Unzufrieden mit Gerichtszeichnung: 9/11-Drahtzieher findet Nase zu groß
zuletzt aktualisiert: 06.06.2008 - 07:42Guantanamo/Kuba (RPO). Der geständige Drahtzieher der Terroranschläge vom 11. September 2001 hat die erste Anhörung vor einem Militärtribunal in Guantanamo auf Kuba dazu genutzt, sich möglichst positiv darzustellen. Chalid Scheich Mohammed kritisierte sein Porträt durch eine Gerichtszeichnerin und monierte, dass die Nase auf dem Bild zu groß sei.
In dem Gerichtssaal sind keine Fotografen zugelassen. Die Aufgabe, Bilder von den Angeklagten zu liefern, liegt deshalb bei Gerichtszeichnerin Janet Hamlin. Als Mohammed die Bilder gesehen habe, sei er unzufrieden gewesen, berichtete Hamlin. "Ich hörte, wie er sagte, ich solle sie mit den FBI-Fotos von ihm vergleichen." Auf die Frage, ob Mohammed denn Recht habe, sagte Hamlin: "Ich stimme ihm völlig zu." Dann eilte sie in den Gerichtssaal, um die Nase zu verkleinern.
Es war das erste Mal seit Jahren, dass Mohammed in der Öffentlichkeit zu sehen war. Anders als auf Fotos von seiner Festnahme trug er einen langen Bart, er war sichtbar gealtert. Mohammed und die vier Mitangeklagten nahmen auf der Anklagebank Platz, ohne dass sie durch Gewaltanwendung von Seiten des Sicherheitspersonals dazu gezwungen werden mussten. Sie trugen keine Handschellen. Ihre Aussagen wurden mit 20-sekündiger Verzögerung in den Saal übertragen, in dem Journalisten das Verfahren verfolgten.

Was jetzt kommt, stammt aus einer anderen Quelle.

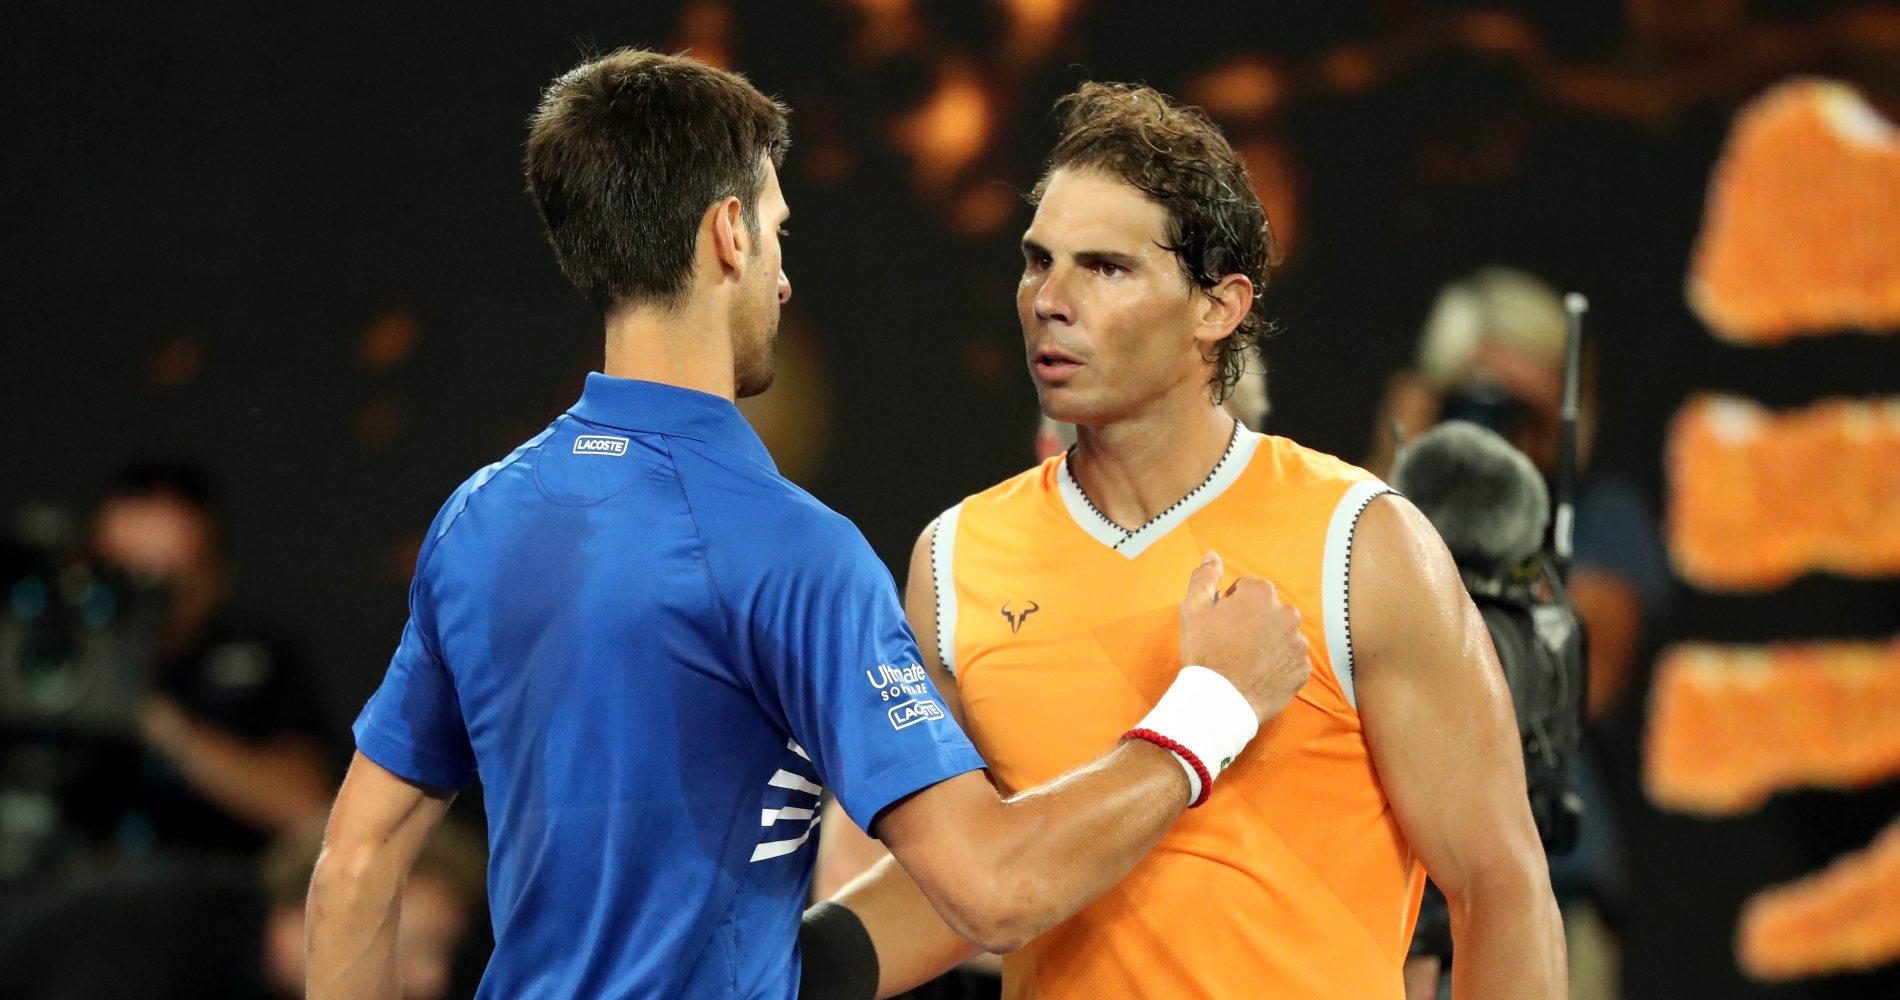 Novak Djokovic and Rafael Nadal, Australian Open 2019

Dadurch sollte dem Richter die Möglichkeit gegeben werden, die Übertragung zu unterbrechen, sobald als Staatgeheimnis gewertete Informationen zur Sprache kamen.
Der aus Pakistan stammende Kuwaiter Mohammed gilt als Drahtzieher der Flugzeuganschläge in New York und Washington. Bereits in vorangegangenen Verhören hat er sich nach Angaben des US-Verteidigungsministeriums selbst der Taten bezichtigt. Bei seinem Auftritt vor Militärrichter Thomas Kohlmann sagte er am Donnerstag: "Ich brauche keinen Anwalt, ich werde mich selbst vertreten." Er fügte hinzu: "Gott allein reicht mir." Seine Ausführungen unterbrach er für Rezitationen aus dem Koran.
Der Hauptverdächtige Khalid Sheikh Mohammed entließ zu Beginn der Anhörung seine Verteidiger und forderte die Militärrichter auf, ihn zum Tode zu verurteilen. "Ich will ein Märtyrer werden, das ist seit langer Zeit mein Wunsch", sagte Mohammed. Unter den vier Mitangeklagten ist auch Ramzi Binalshibh, der als Cheflogistiker der Hamburger Zelle um den Flugzeugattentäter Mohammed Atta gilt. Die Anklage fordert für alle fünf die Todesstrafe.